Any veteran investor will tell you that financial markets overshoot when trouble hits, but what if that market is the world’s second-largest economy and the government has decided the rules of the game have changed?
China’s months-long regulatory crackdown has included big names in e-commerce, the gig economy, exam cramming and most recently online insurance. Close to $1 trillion in market value has been wiped off China Inc since February.
For big firms that also list on markets like Wall Street because it brings in international investment, 2021 is already the worst year since the global financial crisis.
It could spring back, of course, but there’s the rub. Many analysts are convinced things will settle but only the Beijing ruling elite know if and when that might be.
“Investors have been jolted,” said Paul O’Connor, head of multi-asset at Janus Henderson. “This will weigh heavily on the outlook for profits, valuations and investor sentiment in China.”
But by how much?
Morgan Stanley estimates MSCI China, which has seen one of its biggest lags on record versus world stocks this year, now trades at 13.9 times 12-month forward price-to-earnings, a 5% premium over MSCI’s broader emerging market benchmark.
That compares to about 17 times at the start of the year. It could get down to 13 times, says Morgan Stanley.

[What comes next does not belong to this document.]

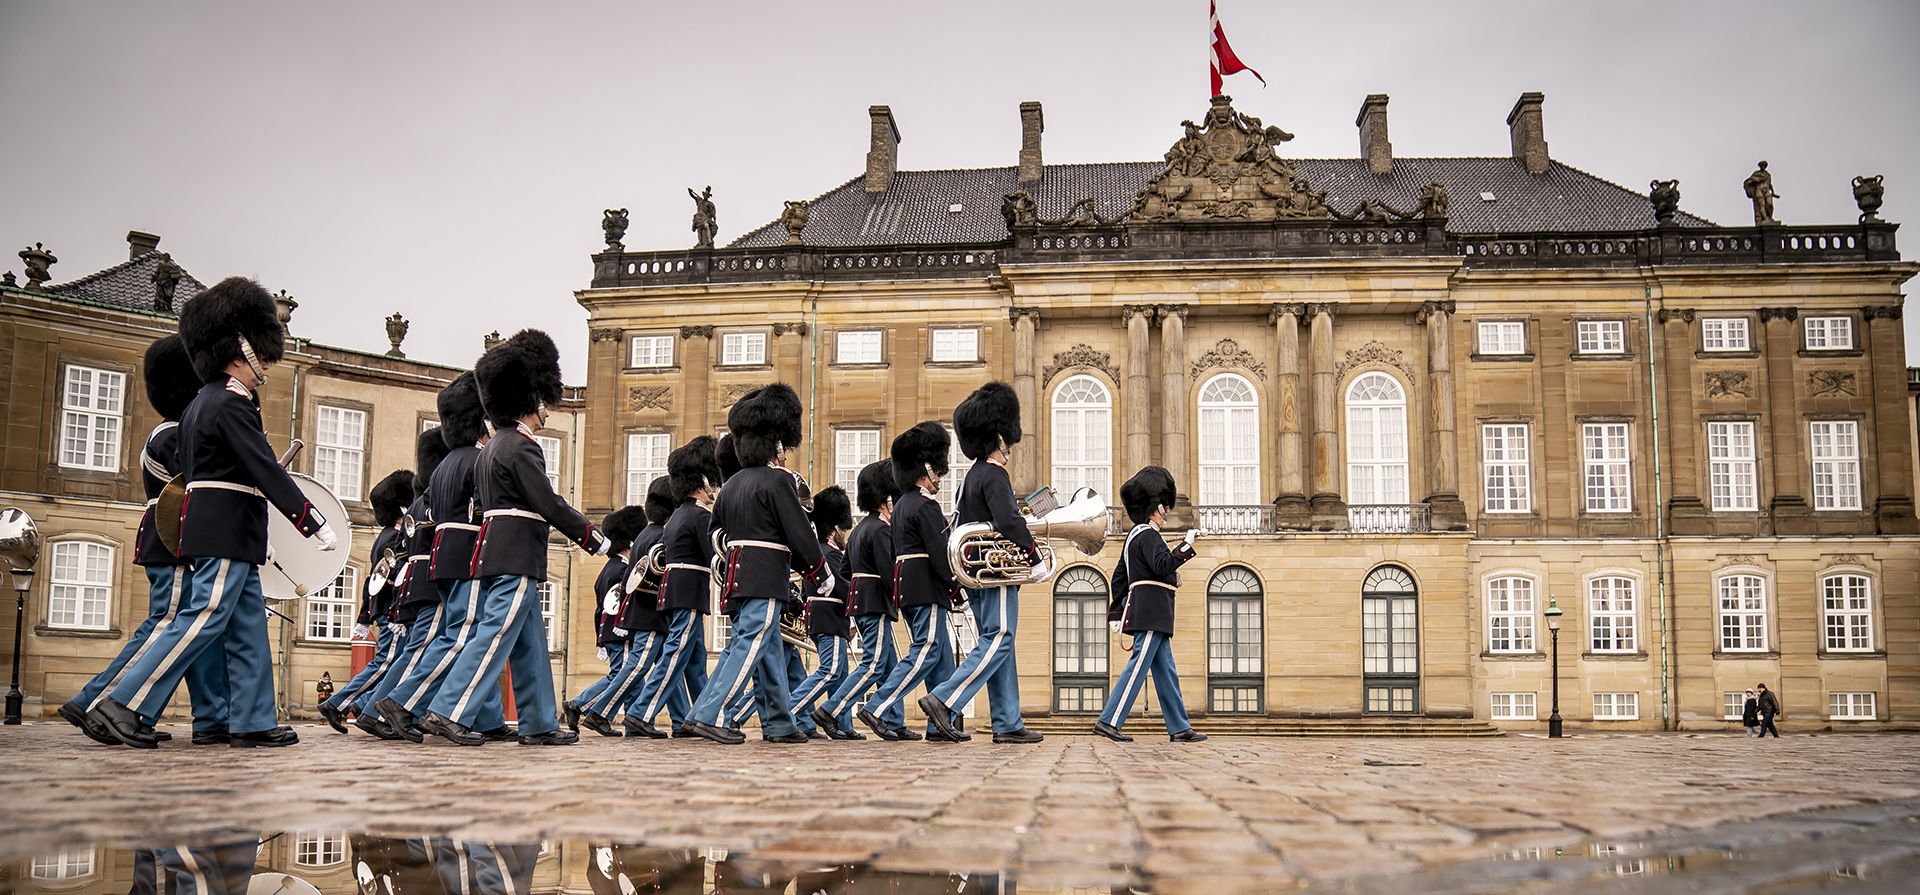 Las banderas ondean a media asta en el Castillo de Amalienborg del Palacio de la Reina en Copenhague, Dinamarca, el miércoles 11 de enero de 2023 para honrar la muerte del ex rey de Grecia, Costantine.  (Mads Claus Rasmussen/Ritzau Scanpix vía AP)
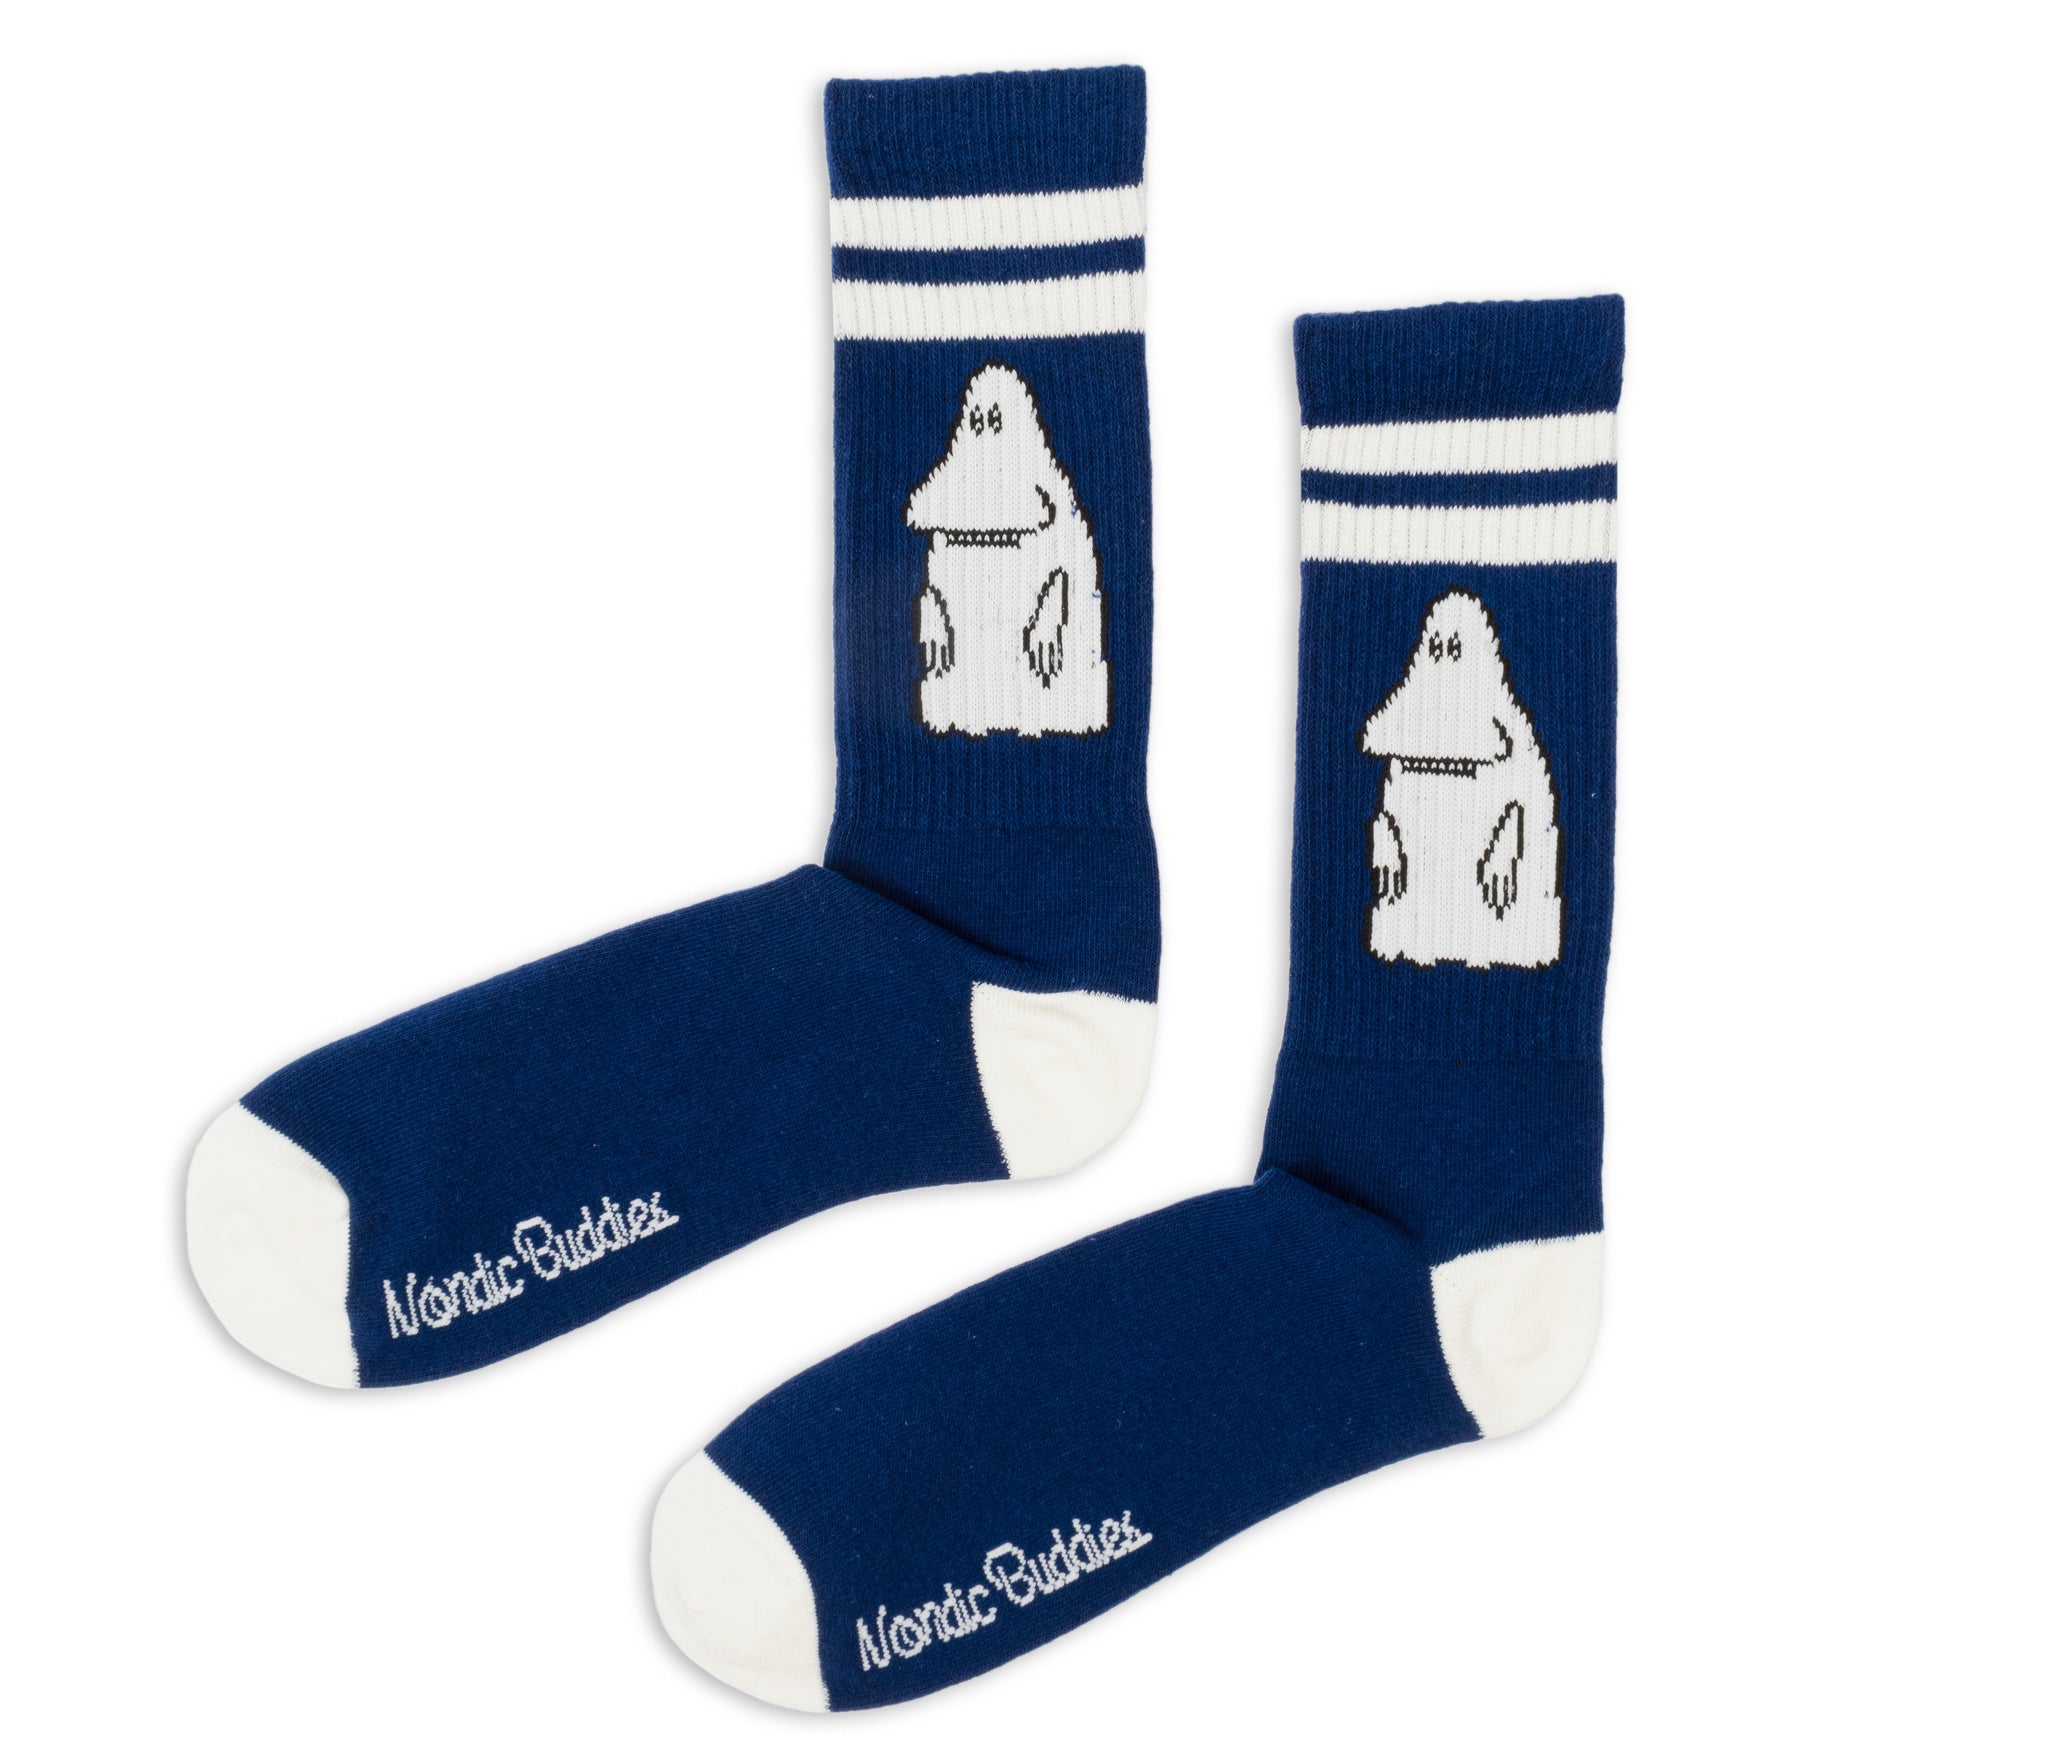 Moomin Retro Socks combo Blue/White The Groke | Muumi Retro Sukat Combo Sininen/Valkoinen Mörkö

Analysts bullish on Chinese stocks heading into the tumult are now assessing the damage.
In March, before the latest crackdown, the average consensus 12-month share-price target for stocks in the MSCI China Index was about 40% higher than a year earlier.
The majority of analysts rate giants Alibaba Group Holdings and Tencent Holdings at least a “buy”, according to Refinitiv data, while most recommend a “hold” or “buy” for New Oriental Education & Technology Group, whose stock has tumbled close to 90% this year.
“The process of earnings downgrades and ratings downgrades has barely started,” Janus Henderson’s O’Connor said.
Evergrande Property Services, part of China’s most indebted property developer, has already lost more than half of its market capitalisation from the peak. The share price is currently trading around 13 times forward price-to-earnings multiples, significantly lower than peers.
Problems vs Possibilities
Having pumped in more than $800 billion over the past five years, investors are not about to fold their bets that China will offer the biggest boost to global financial markets in the decades to come.
And while they acknowledge the changes are part of a broader plan to make economic growth more inclusive in the long run, they are mindful that future returns will depend much more on careful assessment of risk.
“It’s important to distinguish between what is really volatility or noise and what is here to stay,” Michael Bolliger, chief investment officer, emerging markets, at UBS Global Wealth Management, said.
While some damaged sectors are likely to bounce back over time, others, like tutoring, which the government now wants to be non-profit making, almost certainly won’t.
“They changed almost the DNA of these companies,” Bolliger said.
The hit has been painful. EPFR data shows around $2 billion was pulled out of equity funds with significant China exposure in the first week of this month alone. Morningstar figures point to China-focused funds nursing at least 7% negative returns. For context, they made around 13% on average for the past five years.
Bust or Boon?
It has not only been stocks that have suffered.
China’s giant bond markets have been roiled by debt crises besetting firms such as Huarong and Evergrande, with the latter’s problems coming as the government seeks to slash leverage in the property sector.
Here the moves point to rising distress. Chinese credit’s Z-score, a measure of market volatility, reached 0.7 standard deviations above its 15-year mean last month, from 1.8 in January.
Typically, a score below 1.8 suggests looming bankruptcy.
“Will the government allow these property developers to default and have a big debt crisis? I find it very unlikely,” Gustavo Medeiros, Ashmore Group’s deputy head of research, said.
Widening spread differentials have historically offered an attractive entry point, said Michele Barlow, SSGA’s Asia-Pacific head of investment strategy and research. But there’s still caution.
“Investors will have to change their style of investing from being focused on yields to one based on fundamental analysis,” Shamaila Khan, AllianceBernstein’s head of EM debt on the Global Markets Forum, said.
And it may also put Chinese assets on a more sustainable footing, supporting earnings in the long-run.
Having been on the receiving end of China’s tumble this year, Hans Peterson, global head of asset allocation at SEB Investment Management, is staying in and may add if Beijing and the central bank signal fresh stimulus.
“It is good to keep an eye on the possibilities in China, rather than the problems,” he said.